# Oat Milk?



## FullBloomCoffee (Mar 19, 2015)

Hi All,

I am looking at dairy alternatives to offer customers and have found that Oatly, do a barista oat milk.

I have some to try, but wondered if anyone had used out before and their thoughts?

Thanks

Matt


----------



## jeebsy (May 5, 2013)

@funinacup ?


----------



## NickdeBug (Jan 18, 2015)

My wife uses this to make her porridge concoction in the morning.

Not sure what the difference between the original and the barista version are.

It has a fairly neutral flavour unlike some other non-dairy milk substitutes.


----------



## Taylor The Latte Boy (Dec 9, 2013)

I've used;

Oat

Hemp

Soy

Rice

Hazelnut

Almond

Coconut

All in a coffee house capacity and all of them are a pain in the ass. Took me a good few months of practice to get soy milk to stop splitting and to do latte art. Hazelnut milk is the best non-dairy milk. The rest (especially hemp milk) are terrible. Hemp milk tastes like carpet when steamed.


----------



## Rhys (Dec 21, 2014)

Taylor The Latte Boy said:


> I've used;
> 
> Oat
> 
> ...


I've tried the lot apart from Soya (partner can't have soya). Just tried the natural 'slightly roasted' version of almond milk and it steams lovely. Hazelnut wouldn't steam at all (just bubbled and went flat!)

After tasting the slightly roasted almond milk, I made a latté macchiato for my partner and she liked it. So chuffed I can make her coffee again. I then made a flat white (she tasted that and prefered the texture). Maybe because I'm using DSOL beans that it's ok, I don't know. Anyway, here's the proof it works..


----------



## funinacup (Aug 30, 2010)

Aye. Steams well but tastes... Oaty! Bit dry.


----------



## Lenn (Apr 25, 2017)

Taylor The Latte Boy said:


> I've used;
> 
> Oat
> 
> ...


Is there a specific hazelnut milk you recommend using? One which worked best for you?


----------



## FullBloomCoffee (Mar 19, 2015)

Lenn said:


> Is there a specific hazelnut milk you recommend using? One which worked best for you?


my favourite one is Rude Healths Hazelnut


----------



## Rompie (Apr 18, 2015)

I've used most dairy alternatives (not used hazelnut however) in a commercial capacity and reckon oat or almond are your best bet for decent milk.

The Oatly barista stuff is pretty good and tastes really neutral in my opinion compared to say soya or nut milks.


----------



## Django Coffee Co. (Apr 18, 2017)

We use the Oatly now in our coffee and for cereal and we cannot tell the difference.

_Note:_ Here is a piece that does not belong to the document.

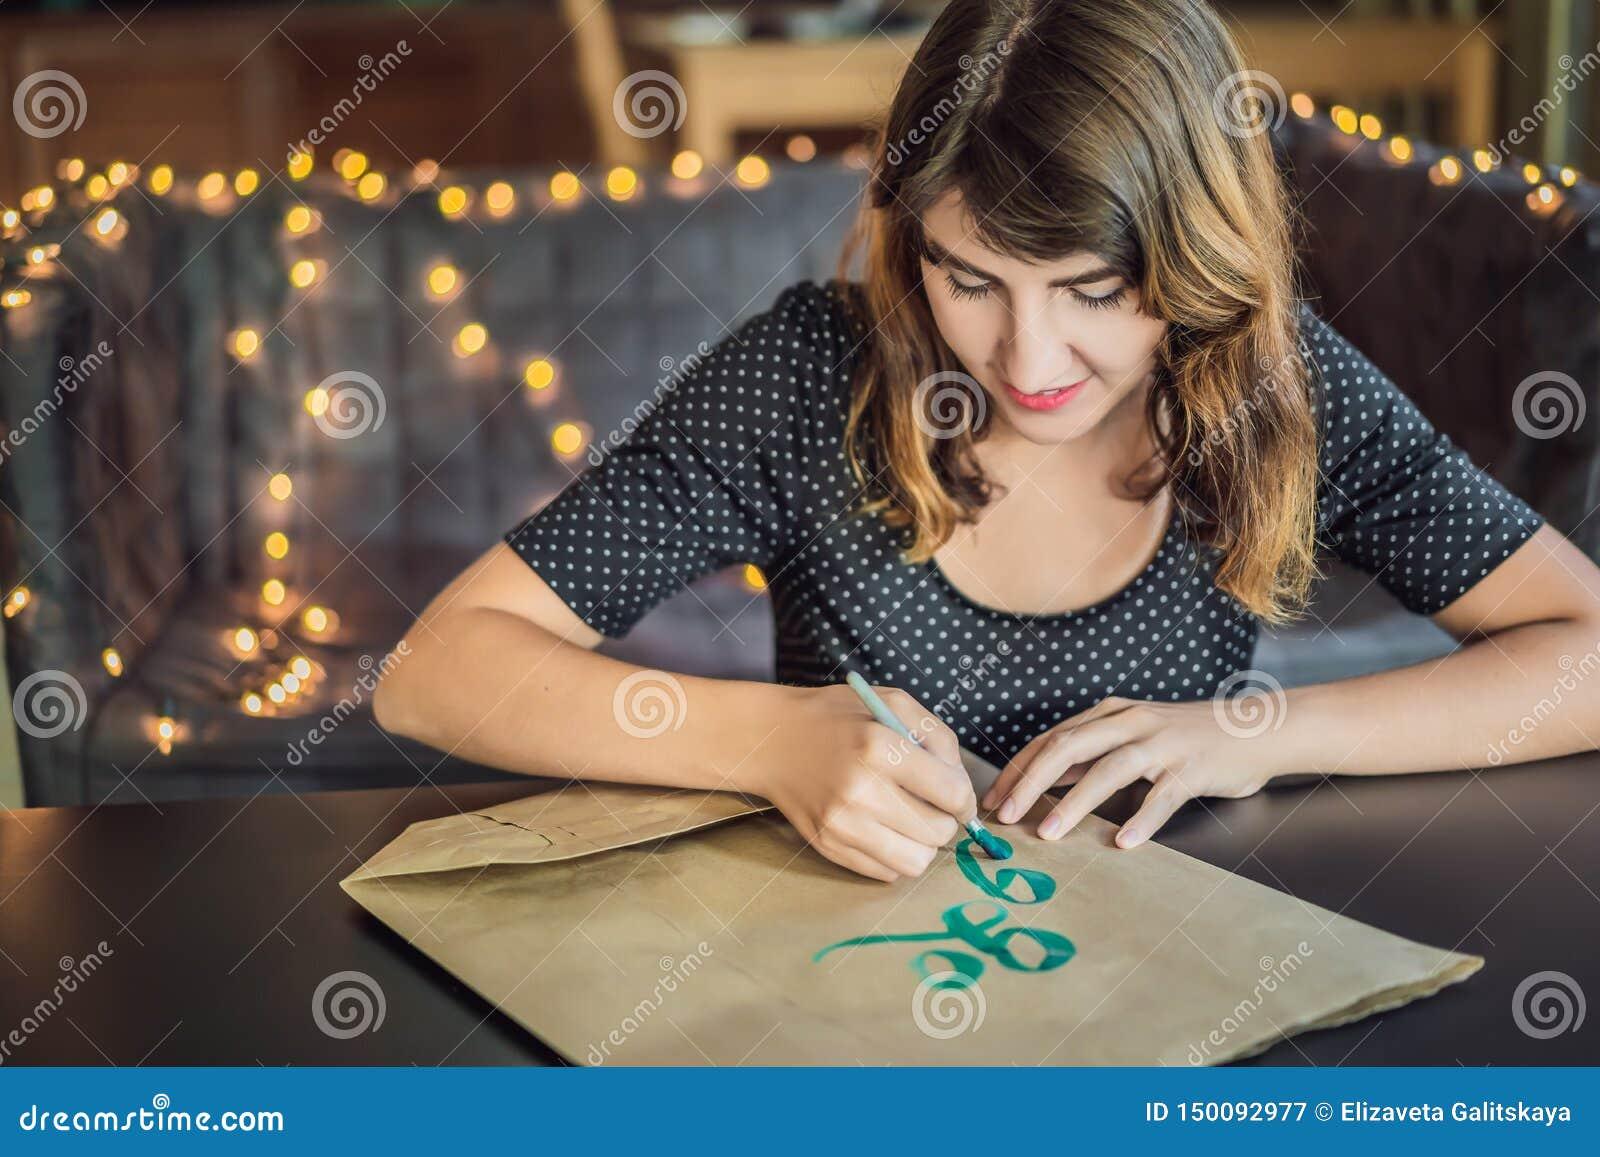 Disparaissent le vert Le calligraphe Young Woman ?crit l expression sur le livre blanc Inscrire les lettres d?cor?es ornementales
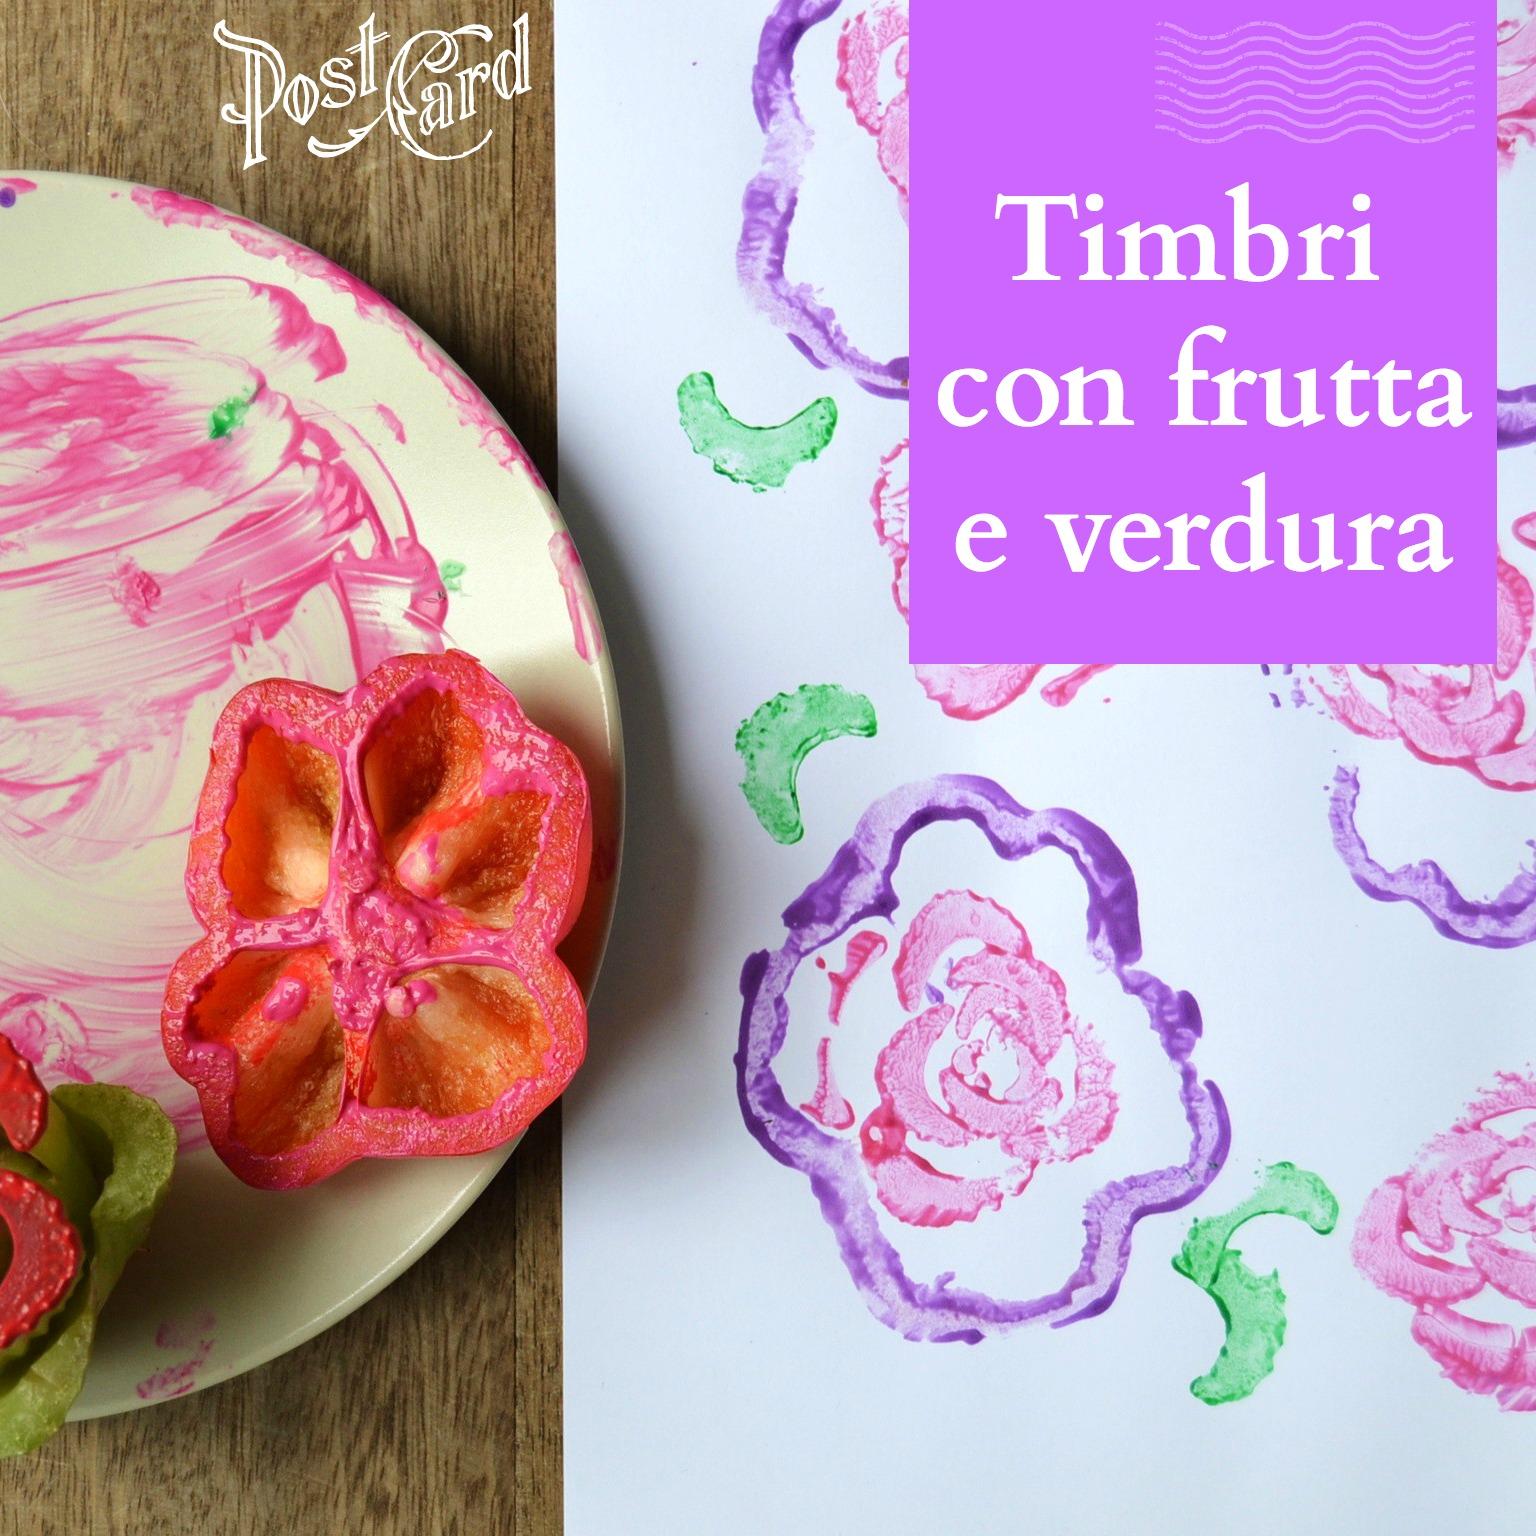 Super Timbri con frutta e verdura per bambini - BabyGreen JA34

We cannot recommend them enough, great milk alternative and a great ethical company.


----------



## Stevie (Nov 18, 2015)

Love oatly barista milk... it's the best alternative I've found...


----------



## filthynines (May 2, 2016)

I can definitely taste the difference, but I enjoy the taste. Oatly is very good. Is the oil-laced barista version necessary or just guff?


----------



## Stevie (Nov 18, 2015)

filthynines said:


> I can definitely taste the difference, but I enjoy the taste. Oatly is very good. Is the oil-laced barista version necessary or just guff?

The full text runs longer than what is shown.